Cost safety is built into the core, not bolted on. A rented box is torn down through multiple independent paths, so it's hard to leave one running by accident.
Termination paths
- On completion and on failure. When a job reaches a terminal state, its
instance is terminated (
auto_terminate, on by default). - Idle watchdog. A box with no log activity for
idle_timeout_seconds(default 1800) is killed automatically. - On exit / Ctrl-C. An
atexitguard terminates active boxes when the control-plane process exits (terminate_on_exit, on by default). - On startup reconciliation. When the control plane starts, it terminates any
active instances orphaned by a previously-crashed process
(
reconcile_on_start).
price_cap
Refuse to provision above a $/hr ceiling:
run(task={"entrypoint": "train.py"}, provider="runpod", gpus="A100:8", price_cap=12.0)If the cheapest matching offer (Vast.ai) or the pod's hourly cost (RunPod)

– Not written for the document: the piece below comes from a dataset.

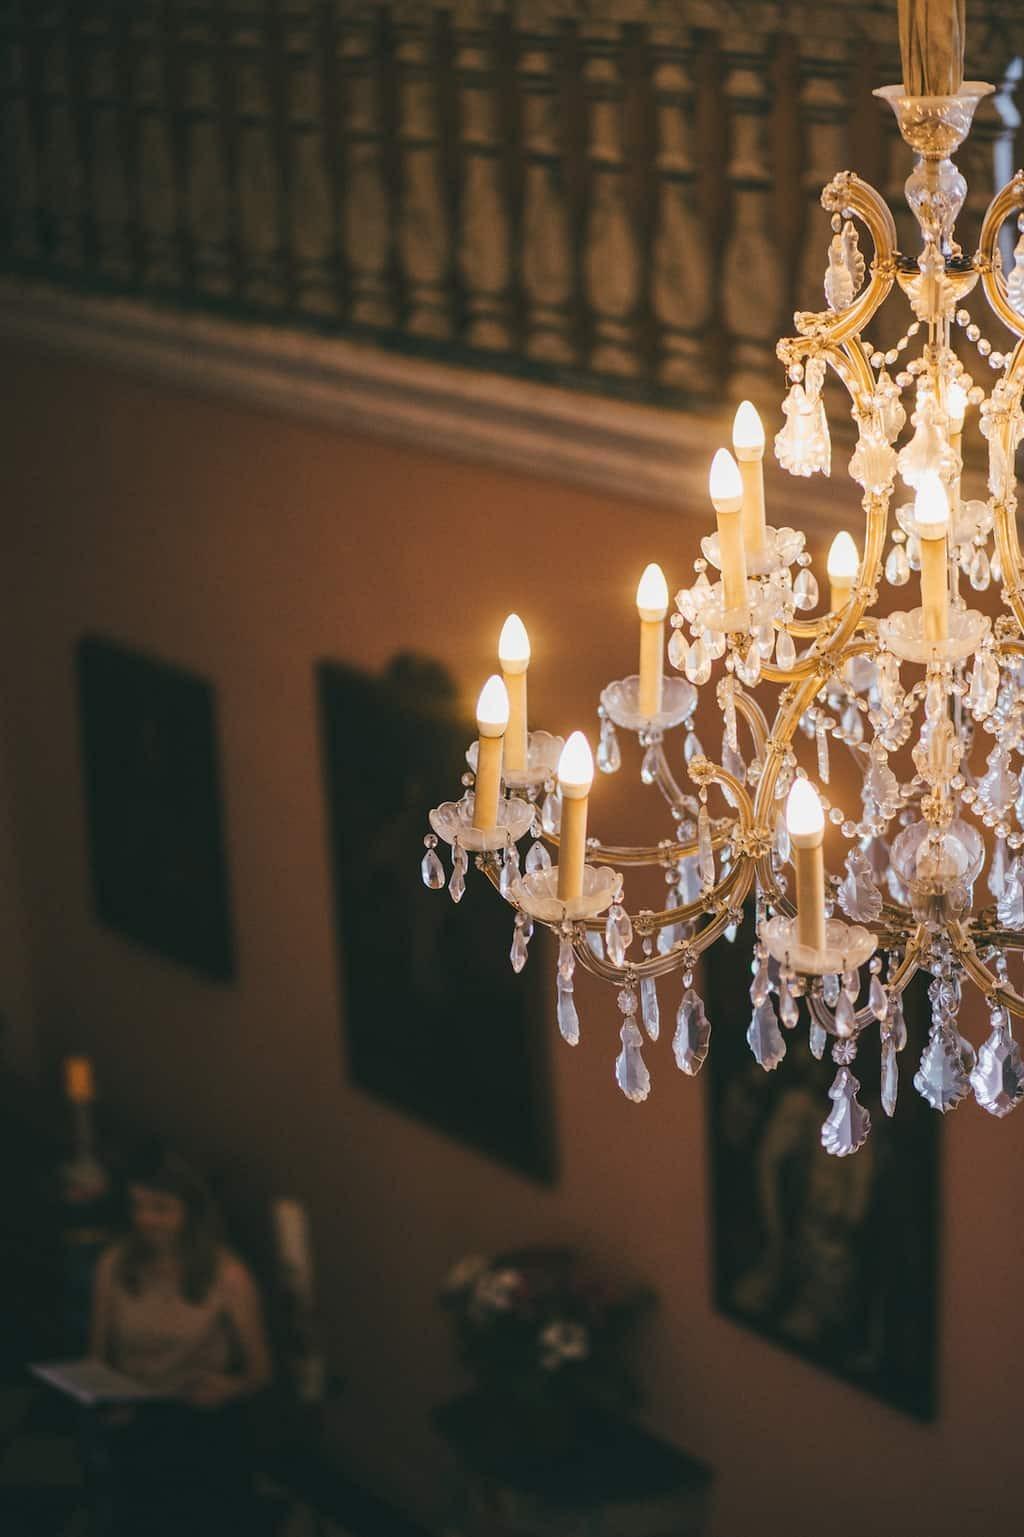 Hochzeit von Tine und Phillip in Münster: Kronleuchter in der Kirche

exceeds the cap, the box is destroyed and a PriceCapExceededError is raised
before training starts.
price_cap requires the provider to expose pricing. RunPod and Vast.ai do; the
GCP client does not, so price_cap is not enforced for gcp (and cost_usd
stays 0). Use the idle watchdog and auto-terminate there. colab is your own
already-running runtime, so there's nothing to bill or cap.
Manual escape hatches
gpu.kill(job.id) # cancel one job + terminate its instance
gpu.kill_all() # terminate every active instance (the panic button)
gpu.reconcile() # sweep and terminate orphaned instancesFrom the CLI:
gpu-train kill <job-id>
gpu-train kill --all
gpu-train reconcileCost tracking
Each job records price_per_hr and a computed cost_usd (duration × hourly
rate). The dashboard aggregates these into a per-day and per-provider
cost report.